「電力会社のあり方」を問い直す

執筆者:新田賢吾2011年4月12日
「東電の国有化」や「原発の国家管理」など幅広い議論が必要だ(会見する勝俣恒久会長=左=と武藤栄副社長)(c)時事
「東電の国有化」や「原発の国家管理」など幅広い議論が必要だ(会見する勝俣恒久会長=左=と武藤栄副社長)(c)時事

 東京電力の福島第一原子力発電所の放射能漏れは底なしの危機の様相を示している。原子炉や使用済み核燃料プールに注水すれば、放射線量の高い汚染された水が垂れ流しになり、汚染水の流出を防ごうとすれば、高い放射線量が作業の障害となる。ある手を打つと、別の問題が噴出する構図だ。放射能による汚染は大気、上水道から農産物、魚介にまで広がり、福島県双葉町、大熊町など退避地域の住民の避難生活は長期化の様相を示している。
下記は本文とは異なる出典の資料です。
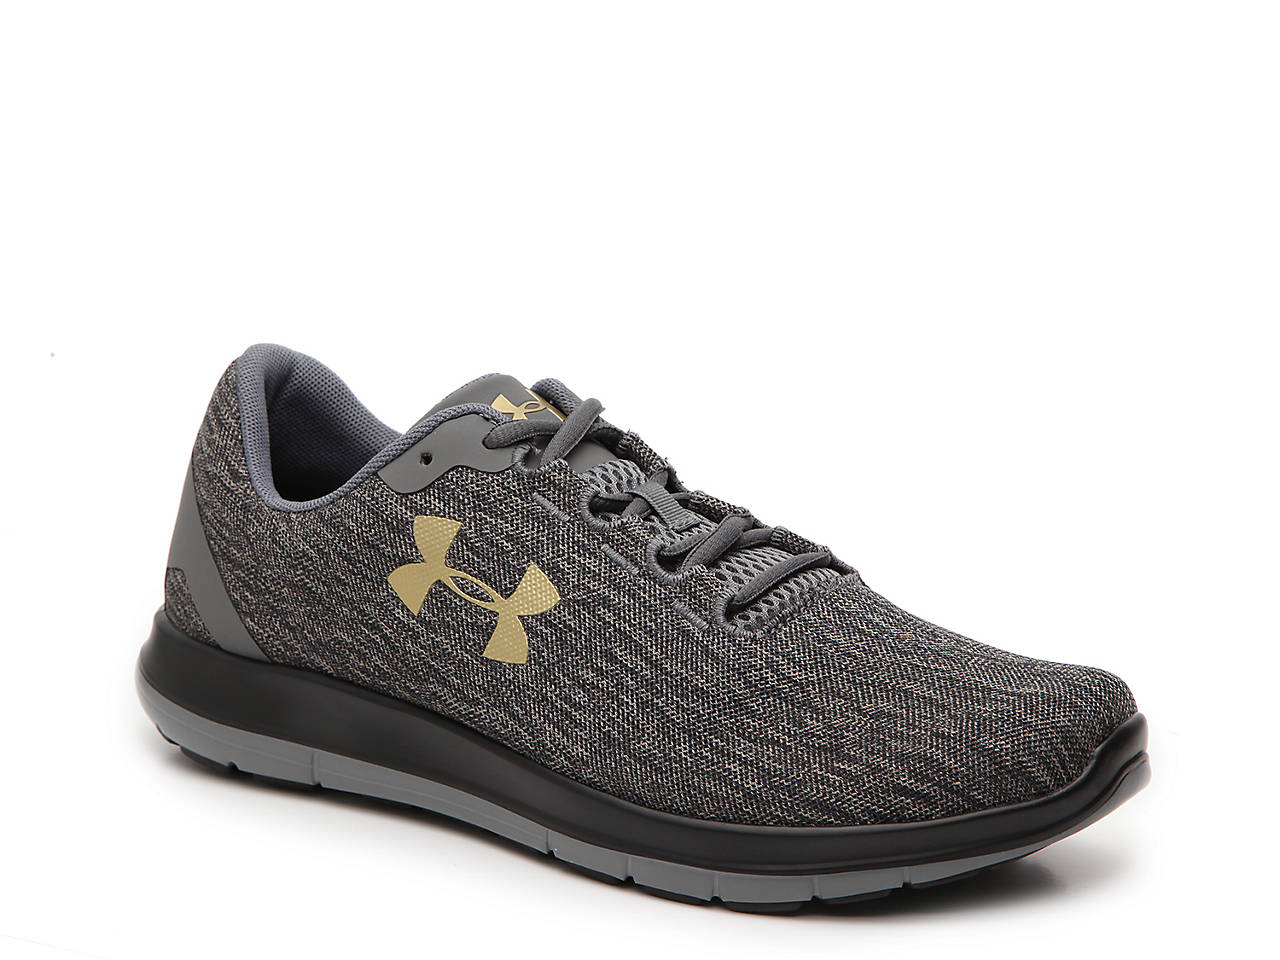 5a58a37a407df Under Armour Remix Running Shoe - Men s Men s Shoes

東電の責任は日増しに重くなり、賠償額も急激に増加している。福島第一原発の廃炉費用なども含め、もはや民間企業としての存続が疑われるレベルに達している。

ウォールストリートからの圧力

 株価は年初来高値の2197円(2月23日)から4月6日には292円にまで暴落した。1951年の上場以来の最安値だ。株価はその後、400円台まで戻してはいるが、放射能漏れなど危機がさらに深刻化すれば、さらなる安値もあり得るだろう。暴落で東電の大株主である第一生命、日本生命などは含み益がそれぞれ100億円以上吹き飛んだ。東電は「お堅く、景気の波にも左右されない株式」の代表とみられているため、60万人の株主を抱えており、株式暴落は年金基金や外資系ファンドなどだけでなく、一般株主にも大きな打撃を与えている。そのなかで注目すべきは世界への波及だ。米国の年金ファンドの多くが、日本株を一定比率でポートフォリオに組み込んでおり、東電はその代表銘柄になっているからだ。東電の外国人株主比率は表に出ているだけでも20%前後だが、実際はもっと高いという見方もある。
「米系投資ファンドやゴールドマン・サックスなど投資銀行が米軍の派遣を要請するように東電に求めた」。日本の金融界ではこんな情報が飛び交っている。東電経営陣が福島第一原発に自分たちで何とか対応しようとして、結果的に適切な手段をとるのが遅れ、株式が紙くずになる恐れを感じているからだ。官邸の頭越しに東電が米軍に派遣を要請したと言われるのには、実はそうした背景がある。実際、米国の動きは素早かった。米政府は航空母艦「ロナルド・レーガン」の派遣を決め、合計で海軍艦艇を20隻近く、被災地周辺の海上に展開した。福島第一原発に対しては、放射線防護の資材、訓練を受けた特殊部隊や原子炉冷却のために真水を運ぶ大型のバージ船(はしけ船)を送り込んだ。米軍の日本救援策には「トモダチ作戦」という名前がつけられたが、その「トモダチ」は日本の被災者だけでなく、ウォールストリートの「トモダチ」も含まれているとみた方がいい。